Records drawn from a dataset:
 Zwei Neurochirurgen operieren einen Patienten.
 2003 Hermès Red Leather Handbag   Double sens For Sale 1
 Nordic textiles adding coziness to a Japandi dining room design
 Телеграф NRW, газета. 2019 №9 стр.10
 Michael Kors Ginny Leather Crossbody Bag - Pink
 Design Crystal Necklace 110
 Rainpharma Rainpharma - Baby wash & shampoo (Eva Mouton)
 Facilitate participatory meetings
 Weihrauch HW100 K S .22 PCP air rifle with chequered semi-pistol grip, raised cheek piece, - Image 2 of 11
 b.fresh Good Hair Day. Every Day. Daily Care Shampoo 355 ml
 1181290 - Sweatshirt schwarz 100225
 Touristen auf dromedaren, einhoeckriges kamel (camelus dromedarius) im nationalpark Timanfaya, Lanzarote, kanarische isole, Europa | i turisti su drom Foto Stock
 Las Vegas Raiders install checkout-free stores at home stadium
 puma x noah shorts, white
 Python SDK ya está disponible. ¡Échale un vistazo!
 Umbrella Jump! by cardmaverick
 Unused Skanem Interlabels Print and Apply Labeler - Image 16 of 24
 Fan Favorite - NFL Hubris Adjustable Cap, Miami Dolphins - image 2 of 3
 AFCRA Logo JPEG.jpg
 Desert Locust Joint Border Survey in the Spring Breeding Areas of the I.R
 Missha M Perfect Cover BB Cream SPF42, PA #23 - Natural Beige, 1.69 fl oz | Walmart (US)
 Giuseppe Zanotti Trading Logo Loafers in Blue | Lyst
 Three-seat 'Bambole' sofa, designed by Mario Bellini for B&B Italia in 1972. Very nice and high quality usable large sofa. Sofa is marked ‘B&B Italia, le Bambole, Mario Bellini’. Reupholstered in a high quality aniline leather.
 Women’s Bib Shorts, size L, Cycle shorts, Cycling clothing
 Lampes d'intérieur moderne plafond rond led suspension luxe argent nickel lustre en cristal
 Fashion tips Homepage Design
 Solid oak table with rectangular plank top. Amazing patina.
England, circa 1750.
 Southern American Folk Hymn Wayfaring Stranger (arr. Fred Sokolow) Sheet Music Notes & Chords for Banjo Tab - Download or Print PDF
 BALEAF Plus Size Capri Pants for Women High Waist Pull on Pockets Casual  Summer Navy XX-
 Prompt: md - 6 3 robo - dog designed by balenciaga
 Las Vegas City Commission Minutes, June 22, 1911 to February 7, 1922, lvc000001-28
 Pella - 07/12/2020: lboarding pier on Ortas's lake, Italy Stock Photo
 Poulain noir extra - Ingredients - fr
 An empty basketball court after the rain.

# [Exercise aim]
The lines of the data, from the first through the one containing "Umbrella Jump! by cardmaverick", are to be transcribed exactly.

# [Solution for this task]
 Zwei Neurochirurgen operieren einen Patienten.
 2003 Hermès Red Leather Handbag   Double sens For Sale 1
 Nordic textiles adding coziness to a Japandi dining room design
 Телеграф NRW, газета. 2019 №9 стр.10
 Michael Kors Ginny Leather Crossbody Bag - Pink
 Design Crystal Necklace 110
 Rainpharma Rainpharma - Baby wash & shampoo (Eva Mouton)
 Facilitate participatory meetings
 Weihrauch HW100 K S .22 PCP air rifle with chequered semi-pistol grip, raised cheek piece, - Image 2 of 11
 b.fresh Good Hair Day. Every Day. Daily Care Shampoo 355 ml
 1181290 - Sweatshirt schwarz 100225
 Touristen auf dromedaren, einhoeckriges kamel (camelus dromedarius) im nationalpark Timanfaya, Lanzarote, kanarische isole, Europa | i turisti su drom Foto Stock
 Las Vegas Raiders install checkout-free stores at home stadium
 puma x noah shorts, white
 Python SDK ya está disponible. ¡Échale un vistazo!
 Umbrella Jump! by cardmaverick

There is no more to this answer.